BankChurn is a project designed to analyze and predict customer attrition (churning) from the Credit Card Dataset utilizing various Machine Learning Algorithms and Data Sampling Techniques. Below is a summary of the findings from the notebook.
This project utilized various Machine Learning Algorithms to classify if a customer would churn or not:
- KNN (k was chosen to be the sqrt of all samples was chosen, as shown to be best practice here).
- SGD (i.e. The SGD Classifier in Sklearn)
- Decision Trees
- Random Forest
- SVM
- Soft Voting Ensembles (See here). These were chosen primarily for being distinct from one another (except Random Forests and Decision Trees), and primarily to gauge the performance difference between different classical ML algorithms versus an Ensemble Method.
The Credit Card Dataset is largely unbalanced, with only 16% of customers being attrited vs 84% of non-attrited customers. This presents an issue in attempting to create a classifier for customers, as while classifiers may retain a high accuracy rating(~96% at most without sampling), they perform less adequately in terms of metrics such as recall (~80% at most without sampling). In other words, while classifiers may be excellent at predicting whether a customer will churn or not, the cases in which a customer does are far less accurate than if they do not.

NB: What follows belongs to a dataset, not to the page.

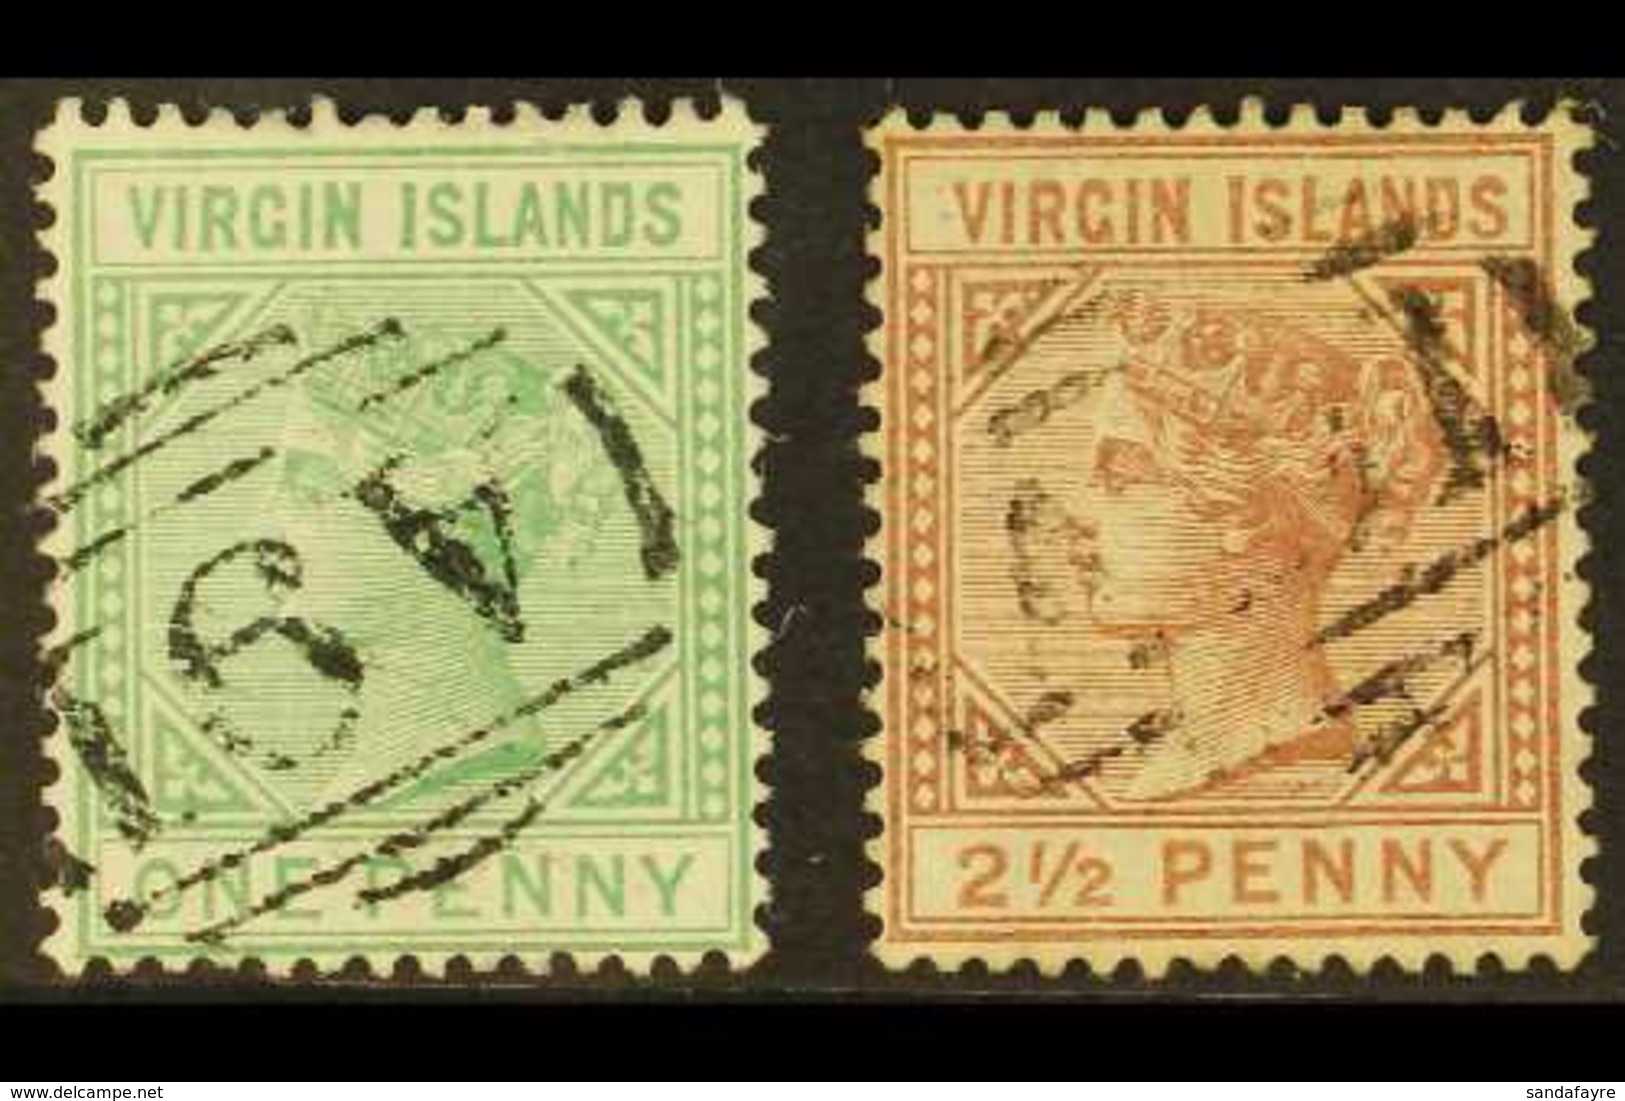 1879-80 1d Emerald-green And 2½d Red-brown, SG 24/25, Each With Neat A91 Cancel. (2 Stamps) For More Images, Please Visi - Iles Vièrges Britanniques

In this regard, recall is the primary metric that will be maximized, as doing so would minimize the chance of false negatives in the prediction of customer churn when paired with accuracy. However, other metrics such as precision, F1 score, and PR curves were also considered. (More information is detailed in the notebook).
There are many solutions to the issue, but the solution that was employed was the use of Data Sampling, specifically- Random Over-Sampling, Random Under-Sampling, and SMOTE. The sampling techniques were chosen similarly to the classifiers, namely to compare naive sampling methods (i.e. over and under-sampling) to a more complex sampler (SMOTE).
Data Sampling largely mitigates the issues of an unbalanced dataset by simply balancing it. Depending on the sampler, the majority class is undersampled (i.e. culled), or the minority class receives artificial copies (oversampling, done in a slightly more sophisticated way in SMOTE).
Various multiprocessing steps such as removing certain multicollinear columns, standardizing the dataset, and more were undertaken.
Afterward, various copies of the dataset were made and had the various sampling techniques applied to them. The modified datasets were then split into testing and training sets.
Separate classifiers were then trained on each of the different sampling methods. In total, 23 different classifiers were trained. (Note that the last sampler was a Random Forest outside of this procedure, made to test feature importance).
- Oversampling typically retained high accuracy and overall f1 score, but lower recall.
- SMOTE was not particularly great at anything, but paired with the Random Forest classifier was tied with the highest f1 score.
- Undersampling typically retained a high recall, but lower rates of accuracy and f1 score.
- No sampler had the highest accuracy as stated earlier, but the lowest recall.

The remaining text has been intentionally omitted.